Hello,
I am devoloping a method that iteratively updates values in a 3 dimensional vector field, and I would like to use the automatic interpolation from textures (cudaArrays).
As far as I understand CUDA, a way to do this, is to use both an 3d cudaArray allocated using cudaMalloc3DArray tohether with a pointer array allocated with cudaMalloc3D.
In my iterative step, I then read my values from the cudaArray as a texture, write the values to the pointer array, and finally I do a device to device copy of the written content to the cudaArray.
My problem is that it seems a bit odd how the arrays are allocated and how data is copied between them. I represent a 64x64x64 grid of float 4 values like this:
cudaArray *darray = NULL;
const cudaExtent volumeSize = make_cudaExtent(64, 64, 64);
cudaChannelFormatDesc desc = cudaCreateChannelDesc<float4>();
cudaMalloc3DArray(&darray, &desc, volumeSize);
cudaPitchedPtr dPtr;
cudaMalloc3D(&dPtr, volumeSize);
cudaMemset3D(dPtr, 0, volumeSize);
// Make a device to device copy
cudaMemcpy3DParms copyParams = {0};
copyParams.srcPtr = dPtr;
copyParams.dstArray = darray;
copyParams.extent = volumeSize;
copyParams.kind = cudaMemcpyDeviceToDevice;
cudaMemcpy3D(©Params);
This last copy fails. I geuss it is because the sizes of the arryas do not match.

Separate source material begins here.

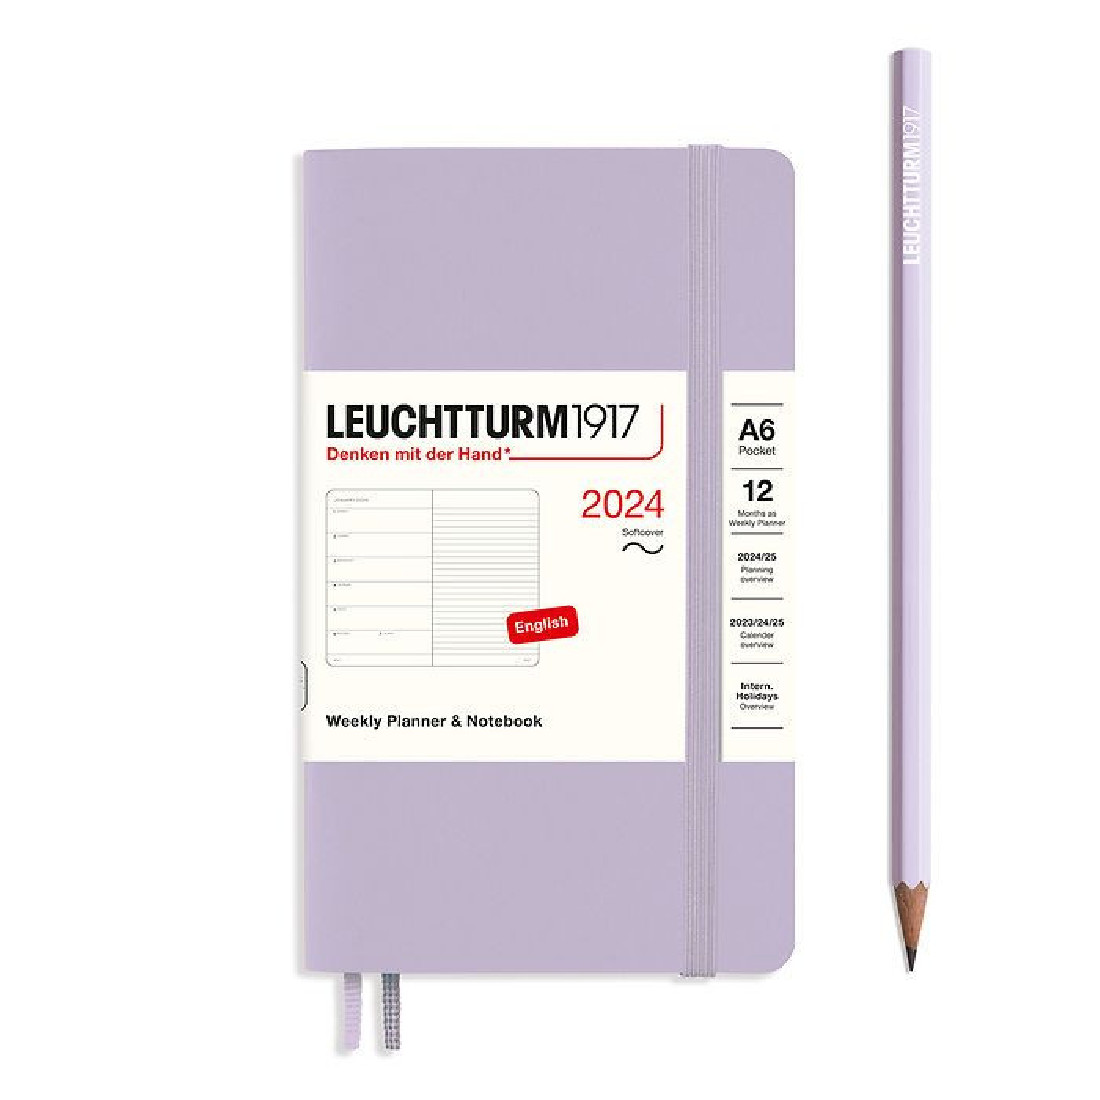 Leuchtturm 1917 Weekly Planner and Notebook 2024 Lilac Pocket A6 Soft Cover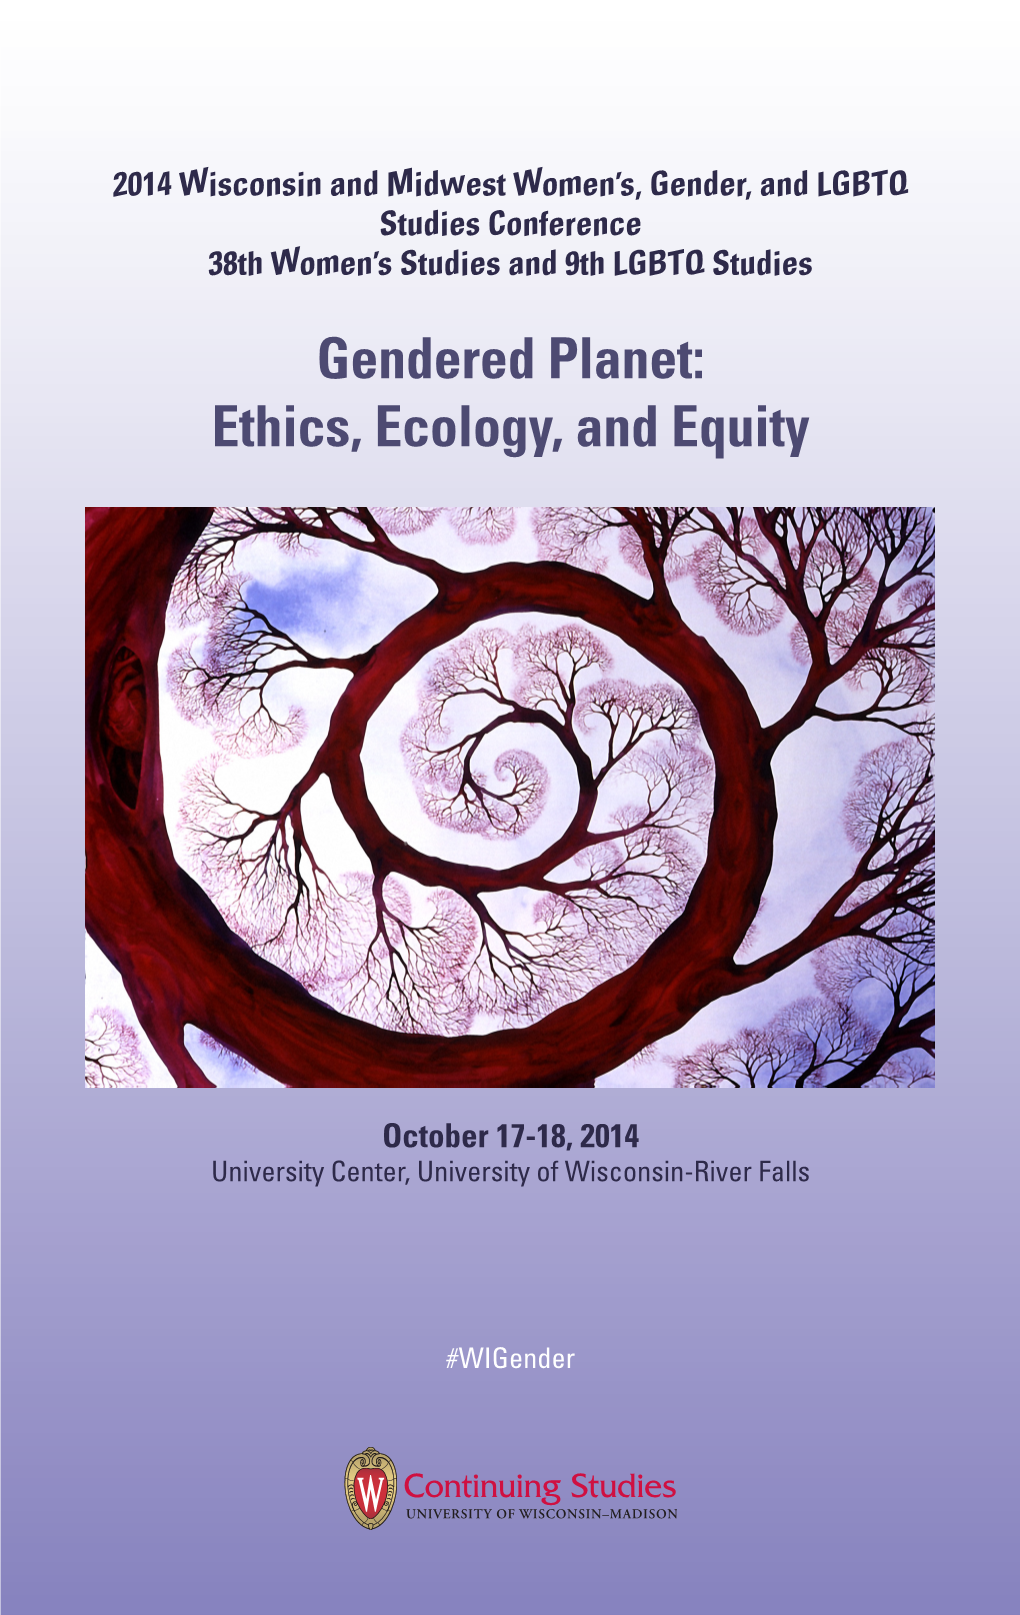 Gendered Planet: Ethics, Ecology, and Equity

The cudaArray is allocated with inforamtion about the float4 size, the other one is not. Should I use another volumeSize for the pointer array, like this maybe?
const cudaExtent volumeSize = make_cudaExtent(sizeof(float4)*64, 64, 64);
And finaly, I dont understand the pitch of the cudaPitchedPtr of a 3D array. How am I supposed to use it for correct indexing?